PROVIDED MATERIAL »
- - -

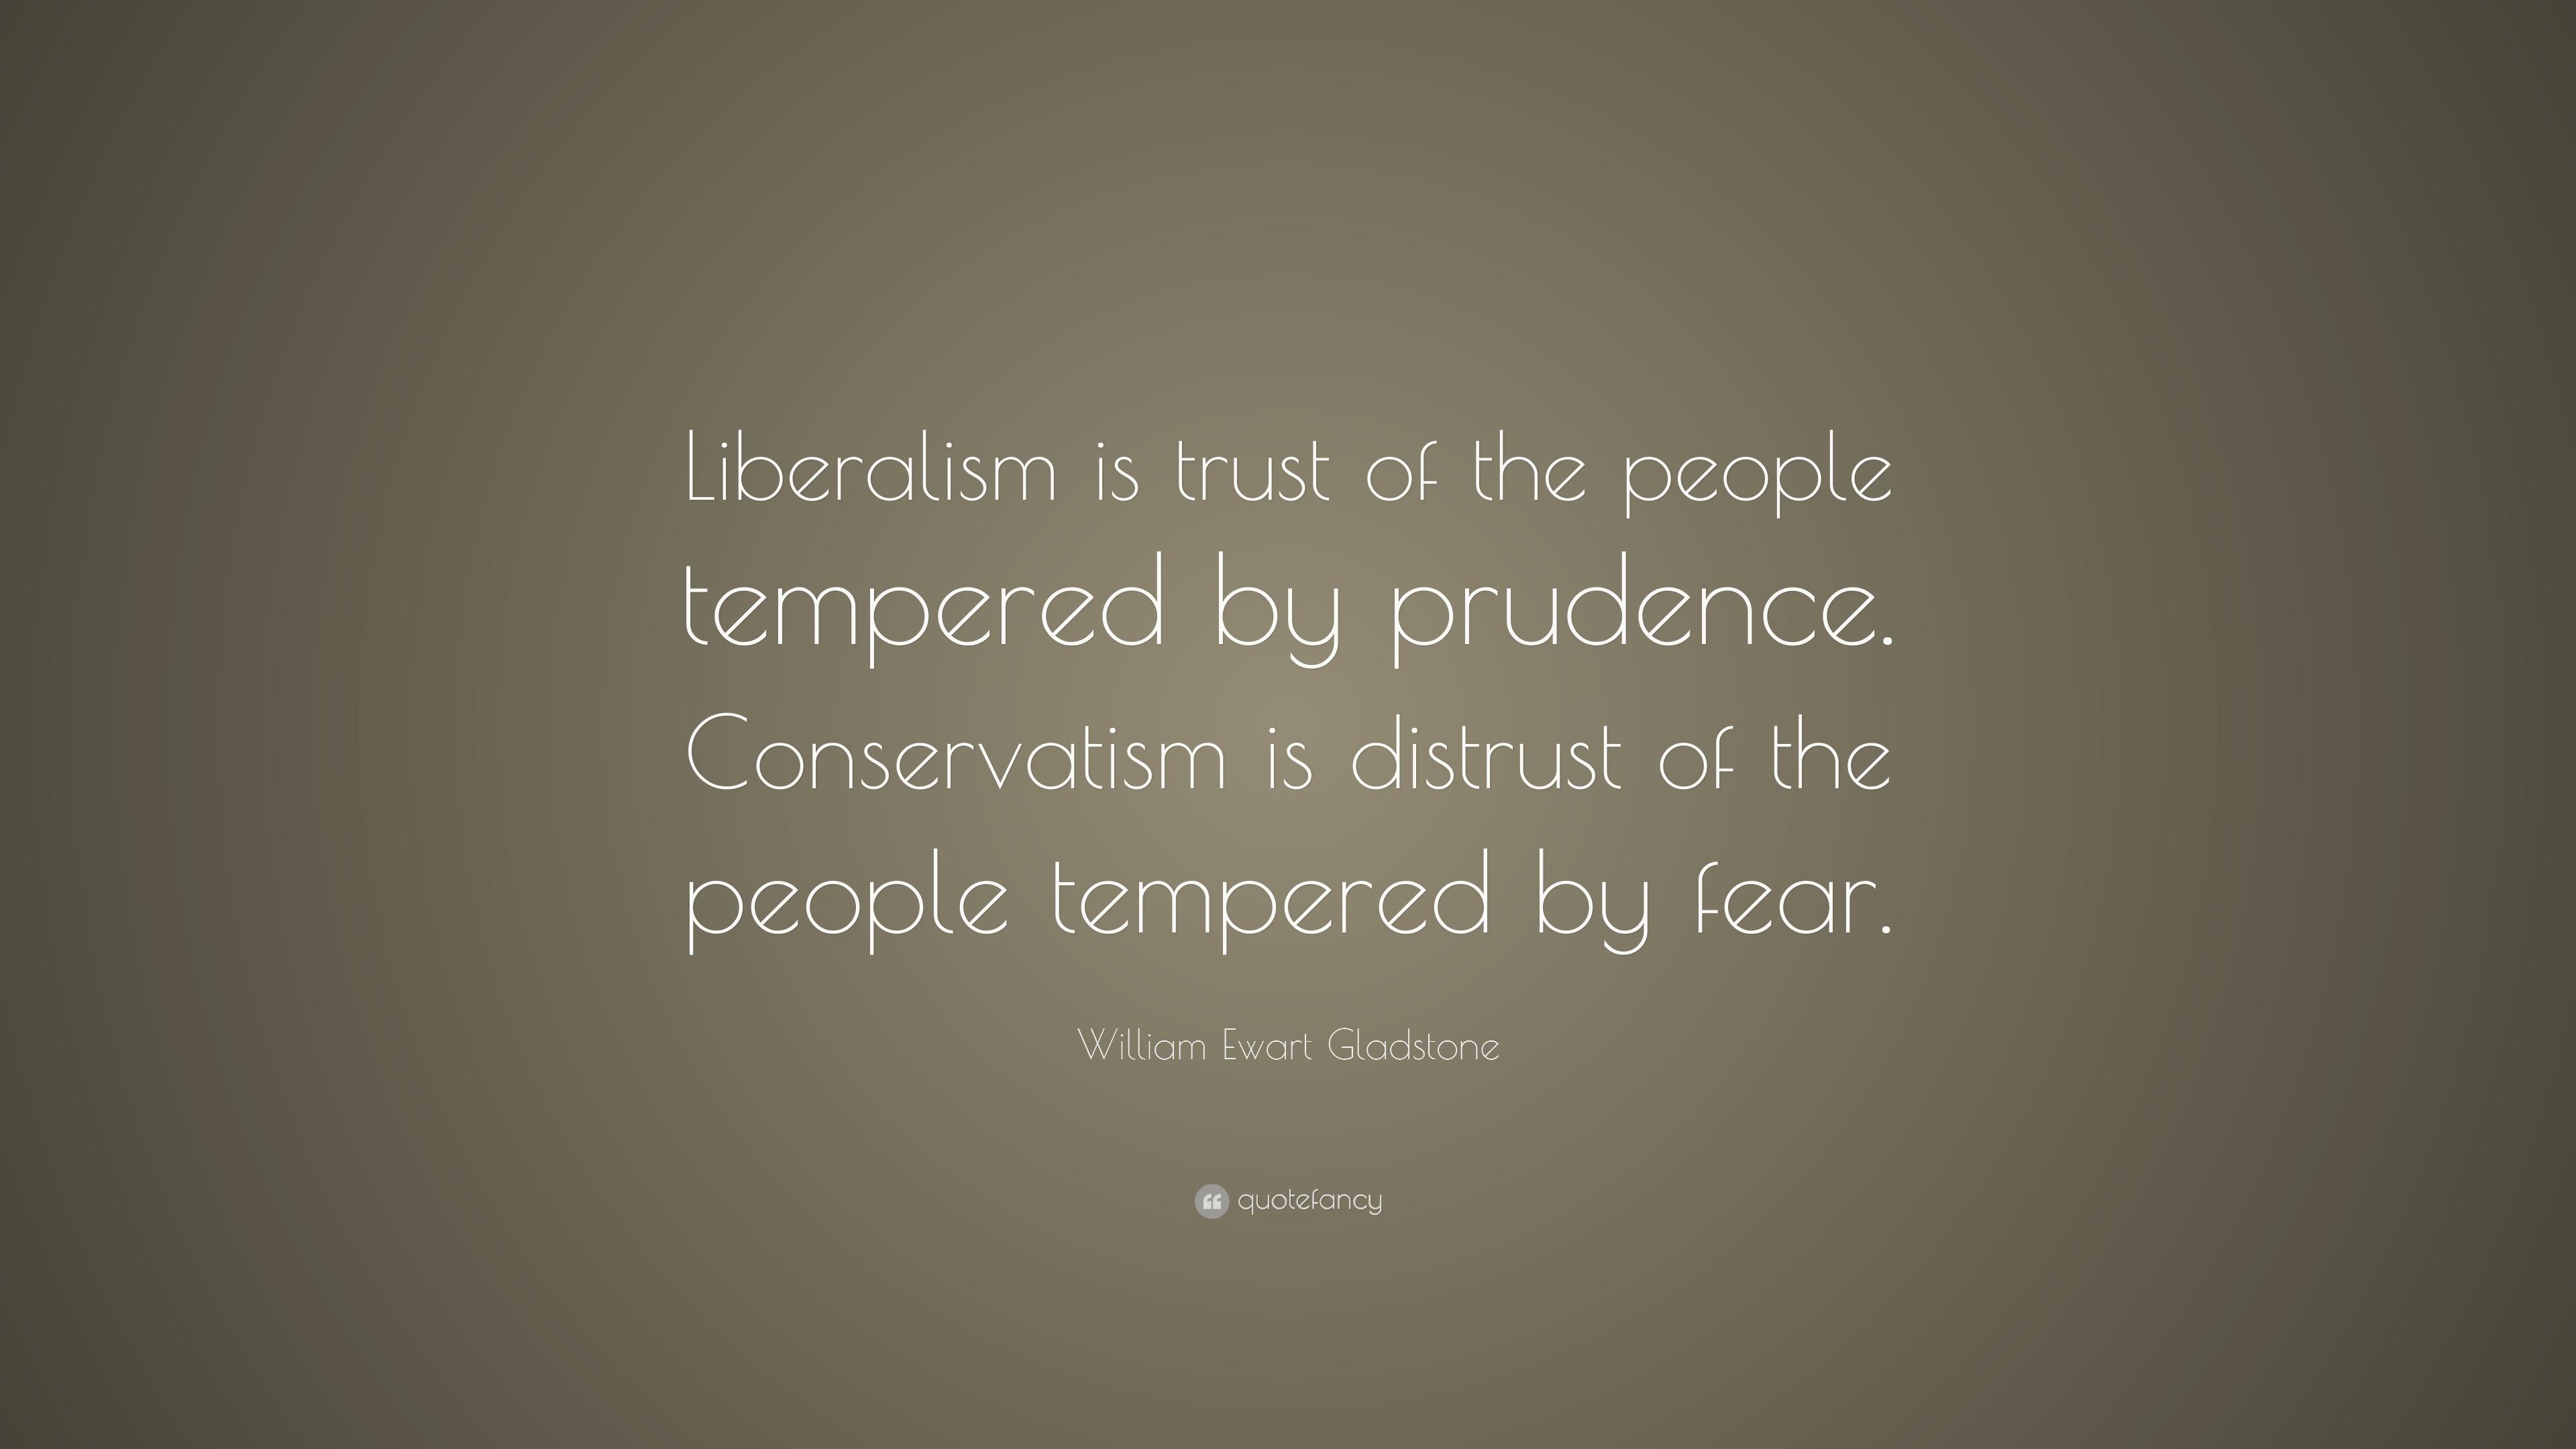 William ewart gladstone quote liberalism is trust of the people william ewart gladstone quote liberalism is trust of the people tempered by prudence sciox Choice Image
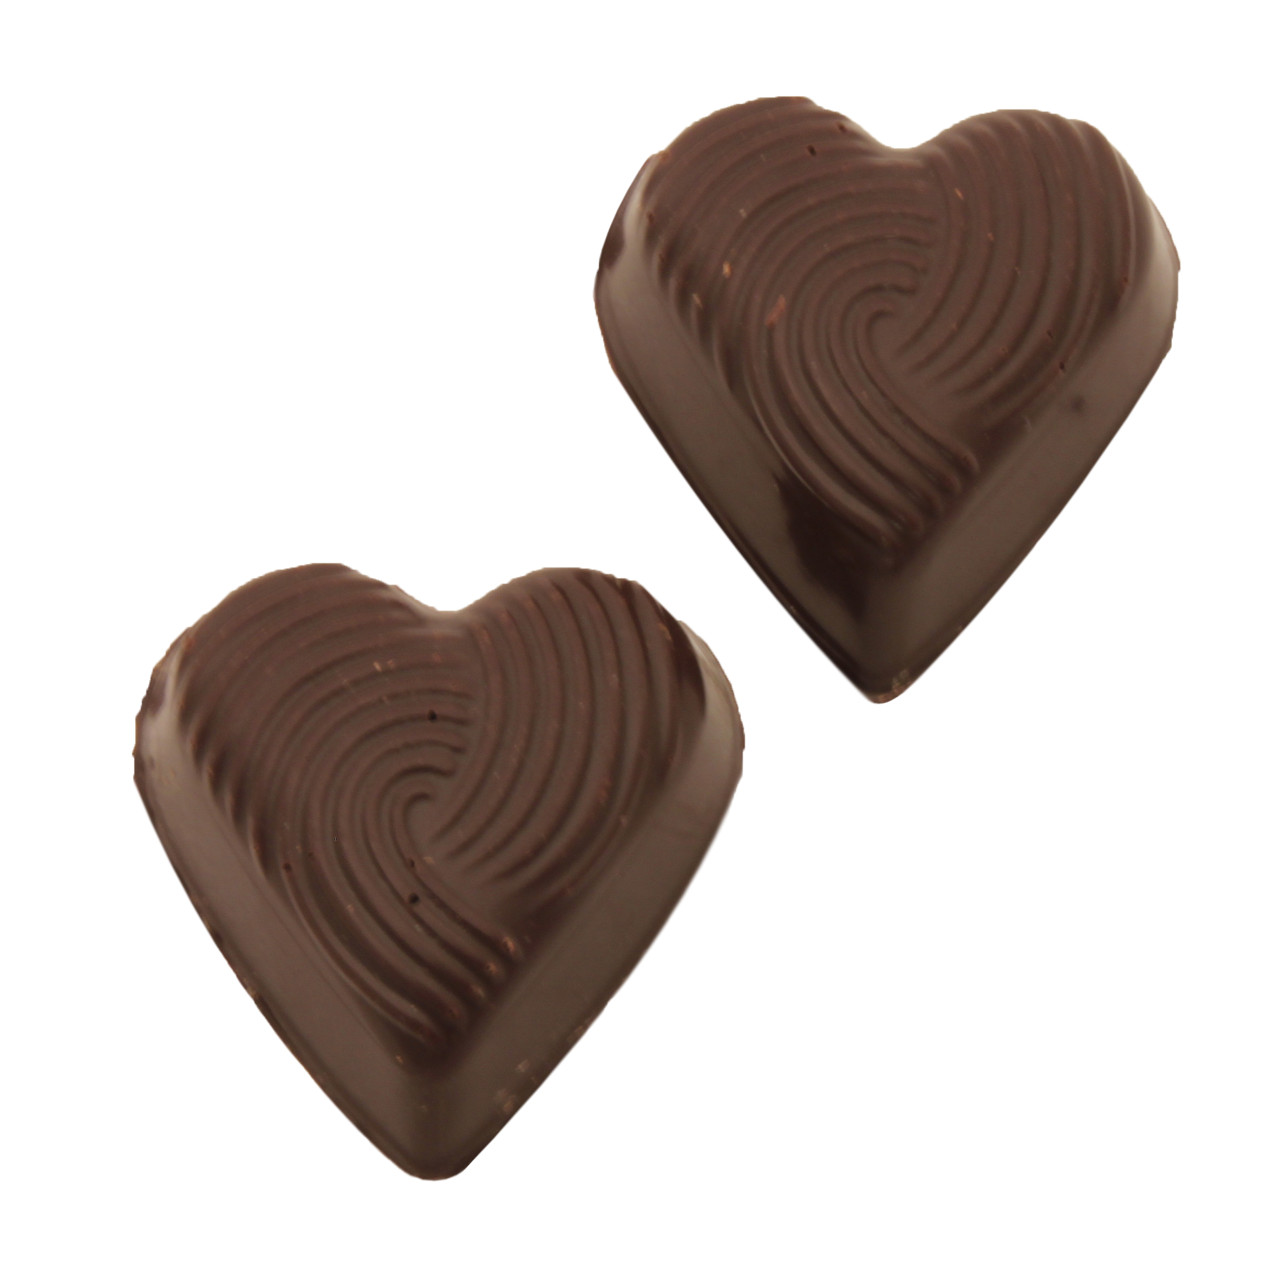 Pralinhuset - Small Hearts - Mörk Choklad
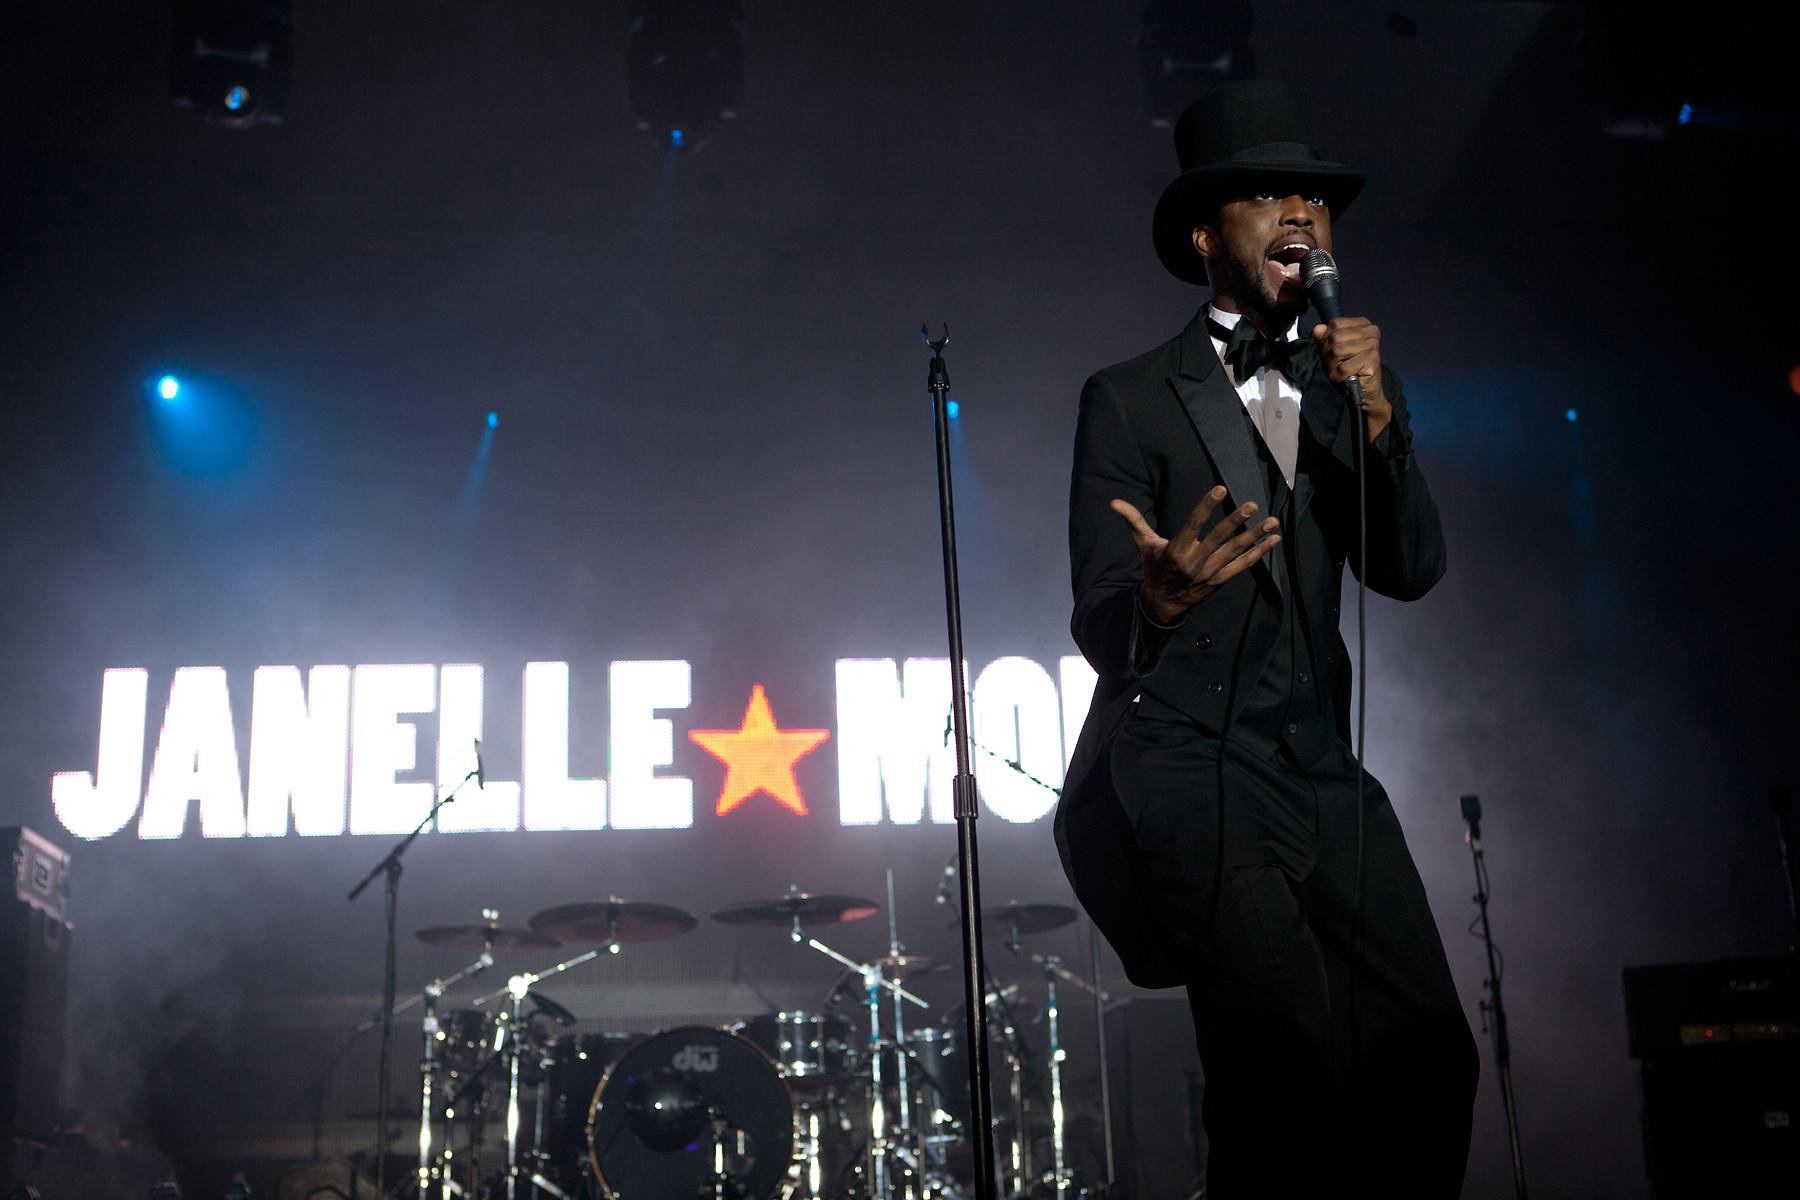 Janelle Monae @ CMF Indie Awards 2011

- - -

AIM OF THE TASK » Output the full material exactly as given, without its pictures.

REPLY TO THE EXERCISE »
 William ewart gladstone quote liberalism is trust of the people william ewart gladstone quote liberalism is trust of the people tempered by prudence sciox Choice Image
 Pralinhuset - Small Hearts - Mörk Choklad
 Janelle Monae @ CMF Indie Awards 2011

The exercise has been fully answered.